Erky Perky is an animated television program on YTV developed by CCI Entertainment and Ambience Entertainment, with CGI animation by Australian Visual Effects company The LaB Sydney. It follows two bickering, dim-witted insects, Erky and Perky, who live at a hot dog stand before accidentally being taken to a house. They try to settle into the house, living with fellow house bugs, and hunting for food in a very clean kitchen.

Plot
Two bugs, the Scottish-accented Erky, and his friend, the cowardly and impressionable Perky, live an idyllic life on a downtown hot dog stand, a cornucopia of crumbs, relish and wieners. They live the high life until one day they are swept away in a take-out bag and end up in a sterile suburban kitchen with no food in sight.

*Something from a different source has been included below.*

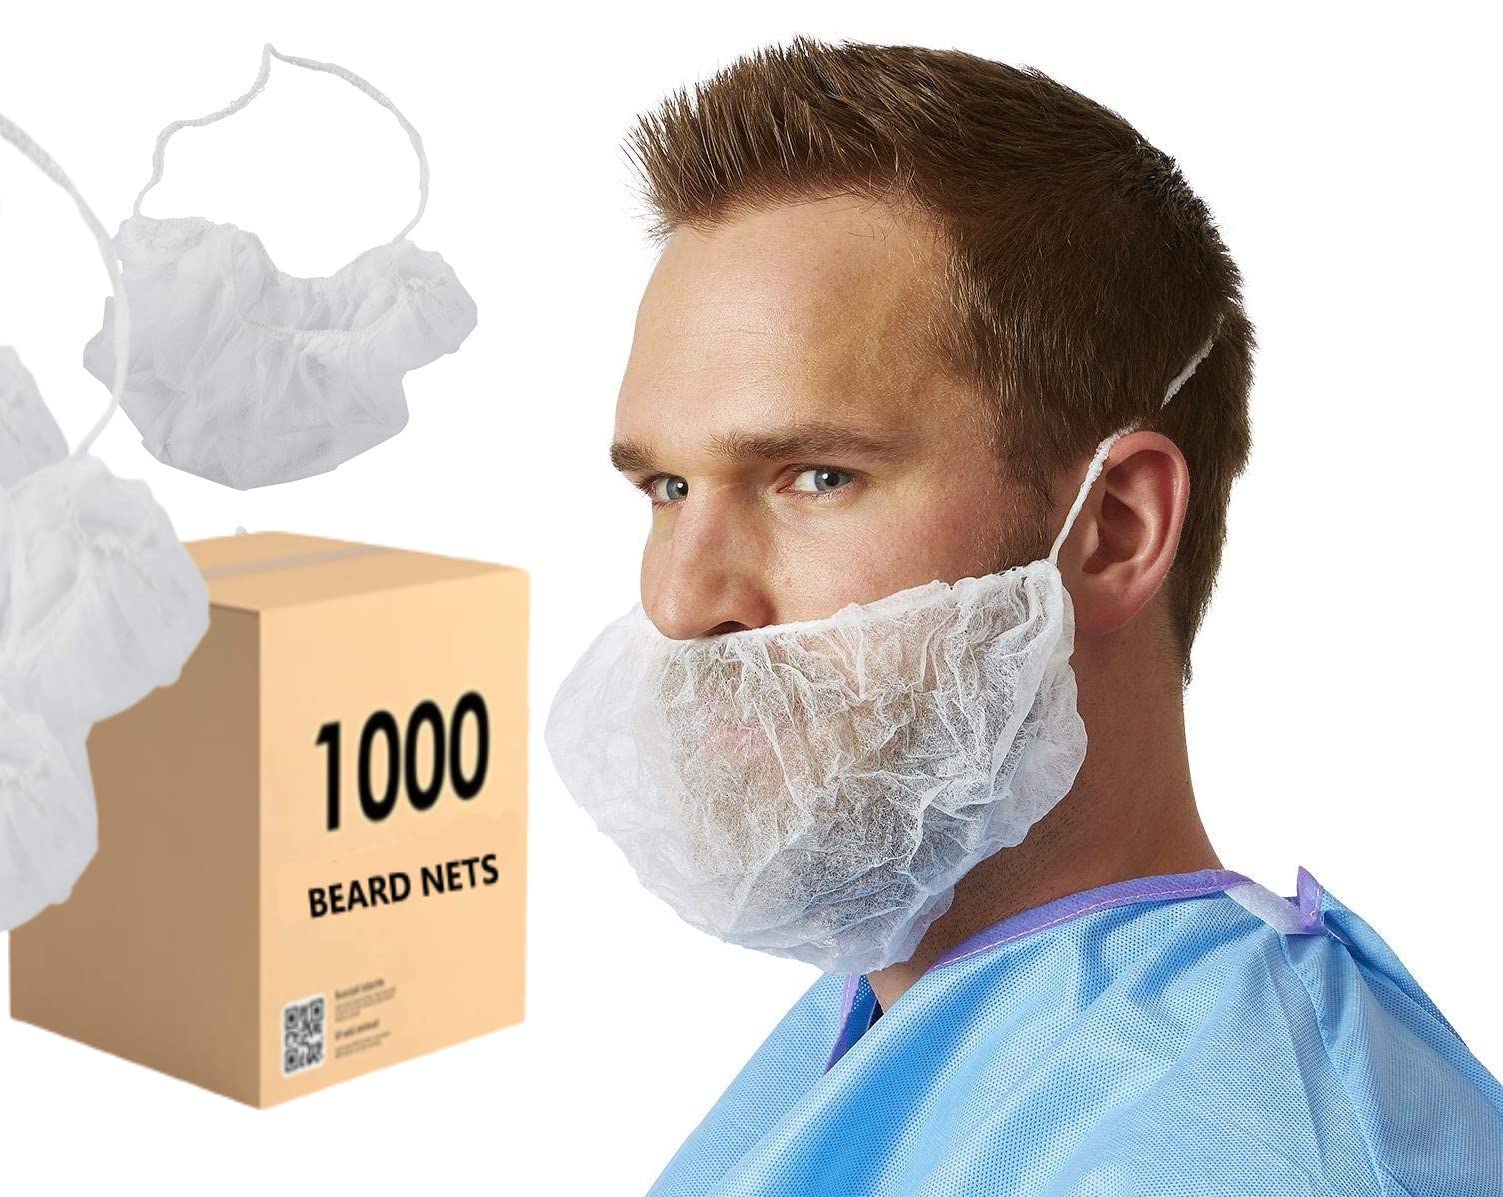 1000 beard nets

The two bickering, dim-witted and lazy bugs are forced to survive in the new and scary "Land of Kitchen". Every day, they are obsessed with finding food, and eventually finding their way home to "Hot Dog Stand". Their quests are almost always befouled by 'Mad' Margaret, the self-appointed ruler of Kitchen, and her 'sidekick' Cecil.

Characters 
Erquhart "Erky" Windsor (Jason Barr) is a Scottish-accented bug who normally takes Perky for granted and makes him try to get food in a dangerous scheme. He is blue with yellow spots. It was revealed in the episode "Perky vs. McBuggy Z" that he is a natural born rapper and dancer.
Percival "Perky" Rosenberg (Neil Crone) is Erky's friend and partner. He is very cowardly and very weak. It was made quite obvious that Perky has a crush on Margaret's niece, Sajuica. He is yellow with blue spots.
Cecil (Adrian Truss) appears to be somewhat smitten with the tyrant Margaret, despite being a tenth her size, becoming extremely jealous of her having affairs with newcomer Pablomo, and Erky (when he was under the influence of the Love Crumb).
Mad Margaret (Judy Marshak) is the self-appointed ruler of the kitchen, and usually stops Erky and Perky's plans and when they find food, she generally steals it.
Sajuica (Melissa Jane Shaw) is apparently the 'babe' of the kitchen, attracting flies, and being flirty. Even the childish Stinks (named for his flight-inducing farts) thinks she is 'fine'.  She fancies Perky.
Frenzel (Ron Rubin): While Stinks may be smart, it's another bug named Frenzel who takes the cake (literally) when it comes to devising food-getting plans. He always has profitable schemes on the go, preying on other bugs' naiveté or weaknesses to get himself ahead. Often, Perky is the one suffering, being a very gullible and trusting bug. An example of this is when Frenzel was showing young bugs the dangers of Kitchen, and for the final show he tricked Perky into being the German-accented spider, Delilah's 'dinner', not telling the frightened bug that it was all an act, and that there wasn't really any danger (unlike most of Frenzel's plans).
Moldy van Oldy (Keith Knight seasons 1–2, Rob Greenway season 3) is a senile old bug, Moldy van Oldy, who loves to talk and talk for hours, sometimes about actual events, sometimes nothing more than senseless ramblings. One true story he did tell, however, was the tale of Margaret's acquired hydrophobia. When she was about Sajuica's age, and living in an outdoor garden (along with Moldy and presumably other bugs as well), Margaret was sprayed with water from a hose, getting knocked out of the air.
Stinks (Annick Obonsawin seasons 1–2, Stacey Depass season 3) A running gag is that Stinks would appear whenever anyone said his 'name' (or any other word that sounds similar, such as thinks); often this happens when they are bemoaning some misfortune ('This stinks').
Delilah (Dana Brooks) is a German-accent spider who tells fortunes.
Boof (Carter Hayden) is Frenzel's assistant; he is a digger bug and was born from an egg that Perky found.
The Grand Armandor (Andrew Pifko) is Margaret's personal wing and purse designer.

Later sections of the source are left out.